Benedetto XVI (Messaggio per la Quaresima 2009): Nel Nuovo Testamento, Gesù pone in luce la ragione profonda del digiuno, stigmatizzando l’atteggiamento dei farisei, i quali osservavano con scrupolo le prescrizioni imposte dalla legge, ma il loro cuore era lontano da Dio. Il vero digiuno, ripete anche altrove il divino Maestro, è piuttosto compiere la volontà del Padre celeste, il quale “vede nel segreto, e ti ricompenserà” (Mt 6,18). Egli stesso ne dà l’esempio rispondendo a satana, al termine dei 40 giorni passati nel deserto, che “non di solo pane vivrà l’uomo, ma di ogni parola che esce dalla bocca di Dio” (Mt 4,4). Il vero digiuno è dunque finalizzato a mangiare il “vero cibo”, che è fare la volontà del Padre (cfr Gv 4,34). Se pertanto Adamo disobbedì al comando del Signore “di non mangiare del frutto dell’albero della conoscenza del bene e del male”, con il digiuno il credente intende sottomettersi umilmente a Dio, confidando nella sua bontà e misericordia.

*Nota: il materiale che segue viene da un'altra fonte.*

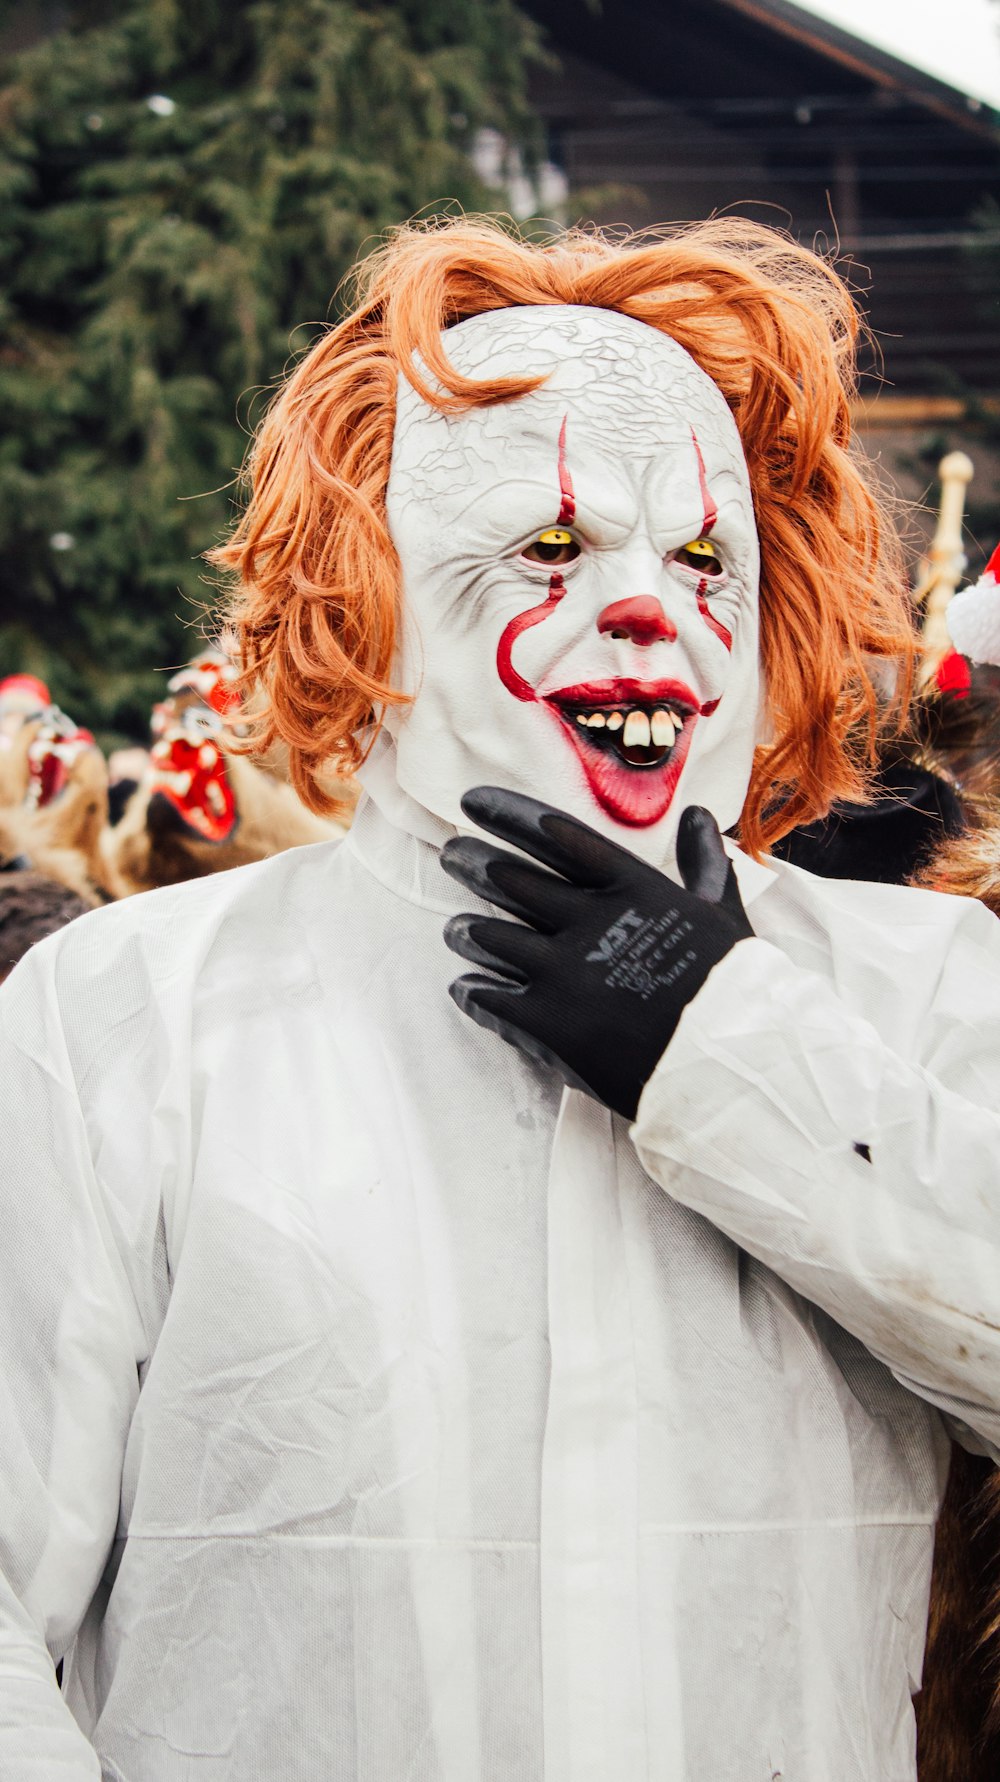 a man dressed as a clown with red hair and makeup

Troviamo la pratica del digiuno molto presente nella prima comunità cristiana (cfr At 13,3; 14,22; 27,21; 2Cor 6,5). Anche i Padri della Chiesa parlano della forza del digiuno, capace di tenere a freno il peccato, reprimere le bramosie del “vecchio Adamo”, ed aprire nel cuore del credente la strada a Dio. Il digiuno è inoltre una pratica ricorrente e raccomandata dai santi di ogni epoca. Scrive san Pietro Crisologo: “Il digiuno è l’anima della preghiera e la misericordia la vita del digiuno, perciò chi prega digiuni. Chi digiuna abbia misericordia. Chi nel domandare desidera di essere esaudito, esaudisca chi gli rivolge domanda. Chi vuol trovare aperto verso di sé il cuore di Dio non chiuda il suo a chi lo supplica” (Sermo 43: PL 52, 320. 332).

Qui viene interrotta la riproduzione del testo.